21 thoughts on “The Sunday Six”

  1. I love Peter Gunn, but you didn’t mention the most famous version. By guitar star Duane Eddy in 1959. He’s the one who had all the great instrumental hits with his famous twangy guitar sound, like Rebel Rouser and Cannonball. And like you I always thought Peter Gunn inspired the James Bond theme.

    Liked by 1 person

  2. Ok. Nehmen wir hier mal „Here’s Little Richard“. Das Album ist so gut, dass man es gleich zweimal hintereinander spielen kann. Die Musik durchzuckt einen wie ein Stromschlag. Little Richard singt ohne Rücksicht auf Verluste und die Band spielt scharf und satt, im treibenden Beat der alten Stax-Schule.

    Liked by 1 person

  3. Thanks for the mention Christian! Glad you liked it. I have some more from that genre coming soon.
    Good Vibrations, Refugee, and Peter Gunn….THAT is a great selection!

    Liked by 1 person

  4. You sound like you need to hear more of the Beach Boys. The early stuff is simple but Brian Wilson turned into a brilliant composer quickly with the ability to mix sophistication with accessible tunes. Good Vibration is kind of the apex of that, but there’s a lot of great stuff on albums like Today! and Pet Sounds, and later on stuff like Sunflower and Surf’s Up.

    Liked by 1 person

      1. I guess it depends on what you mean by repetitive – that Pet Sounds/Today! era is very creative in terms of composition, but it’s mostly based around the Phil Spector wall-of-sound type arrangments.

        Liked by 1 person

      2. I was mostly mostly referring to their surf rock music. BTW, don’t get me wrong. It’s not that I dislike these songs, especially from a vocal perspective. But once you’ve listened to a few, they all sound very similar.

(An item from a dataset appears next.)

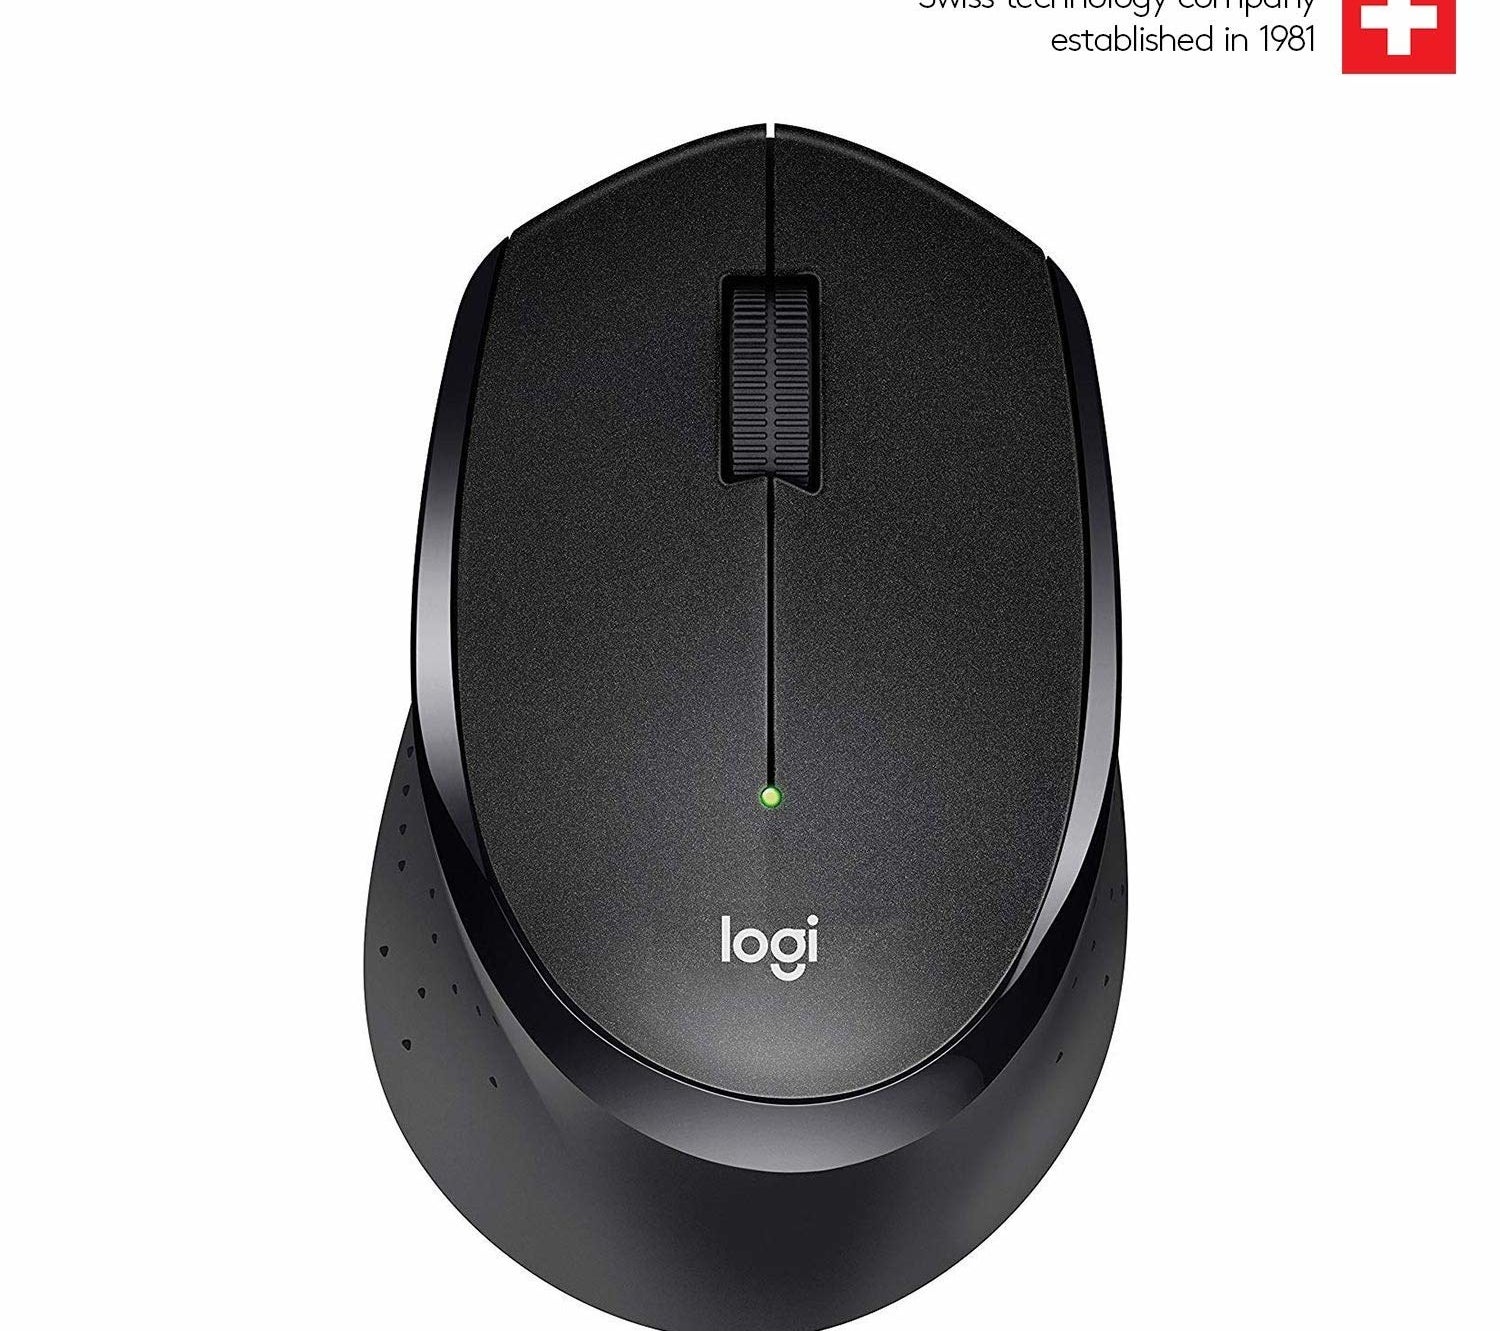 A black wireless ergonomic mouse.
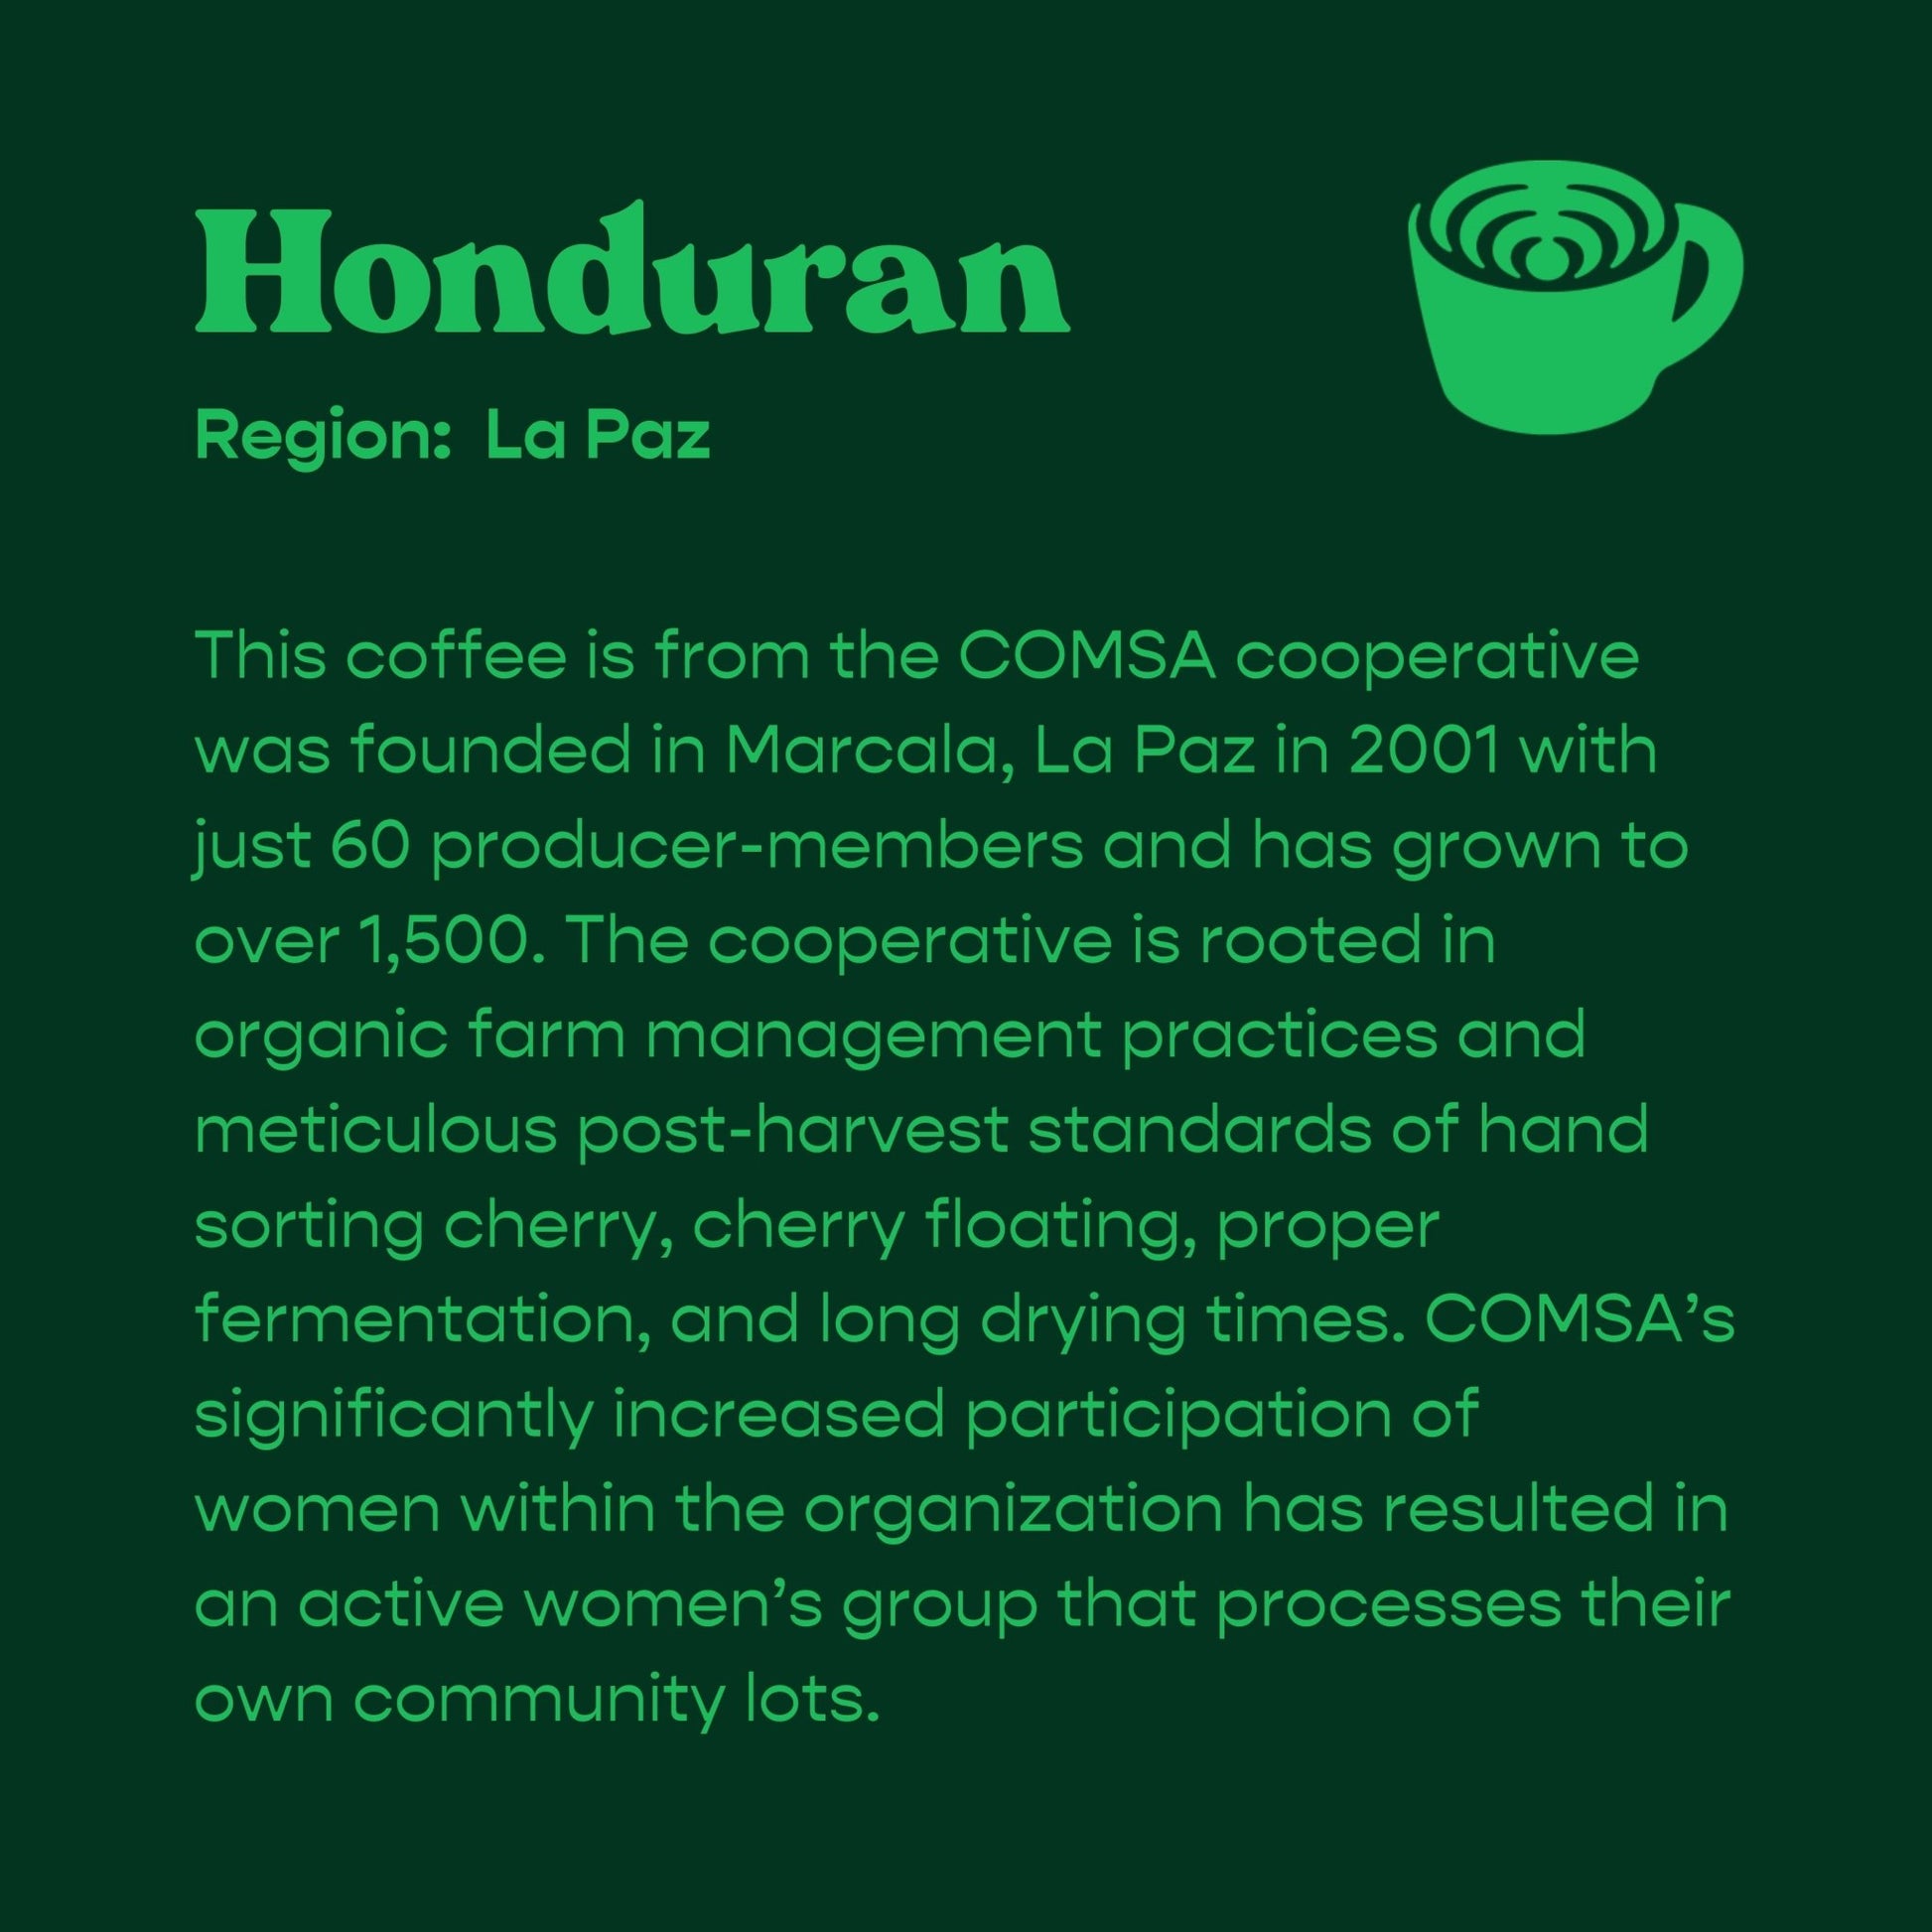 Honduran - Sound Coffee

        Also, to be frank, while I recognize “Pet Sounds” is a remarkable album, I never quite understood the big fuzz so many people have made about it. To me, “Sgt. Pepper” is far superior. Of course, I have to admit that as a huge Beatles fan it’s safe to assume I’m biased.

        Liked by 1 person

      3. I quite enjoy how the Beach Boys are fallible. More flawed than The Beatles for sure, especially because Mike Love is a dominant personality yet arguably the least talented one. But lots of gems scattered in the rough – I don’t think I’ve ever heard a single Beach Boys song after 1966 on the radio, apart from Kokomo, but lots of gems that deserve play like ‘Sail on Sailor’ and ‘Long Promised Road’.

        Liked by 1 person

  5. Another good batch, which I have come to expect each Sunday. The first song was used to great effect in Robert Rodriguez’ movie, “Sin City.” I’m familiar with all of them except for The Chesterfield Kings, which I also first heard on Max’ blog. They sound so much like The Rolling Stones on this one. I also like the extended Good Vibrations version you shared.

    Liked by 1 person

    1. Yeah, I noticed the similarity to Peter Gunn when I first heard this album. That riff has actually been used a lot of times over the years. Most famously by the B-52’s on Planet Claire. And also pretty much anything that has to do with a private eye. Like the James Bond theme and a bunch of other movie songs

      Liked by 2 people

  6. Christian, you ever heard Clarence Clemon’s version of Peter Gunn off of ‘Porky’s Revenge’ (Great soundtrack) soundtrack. Killer. You’ll love it. Solid picks again. The Dan and Petty are faves. So is the Richard cut.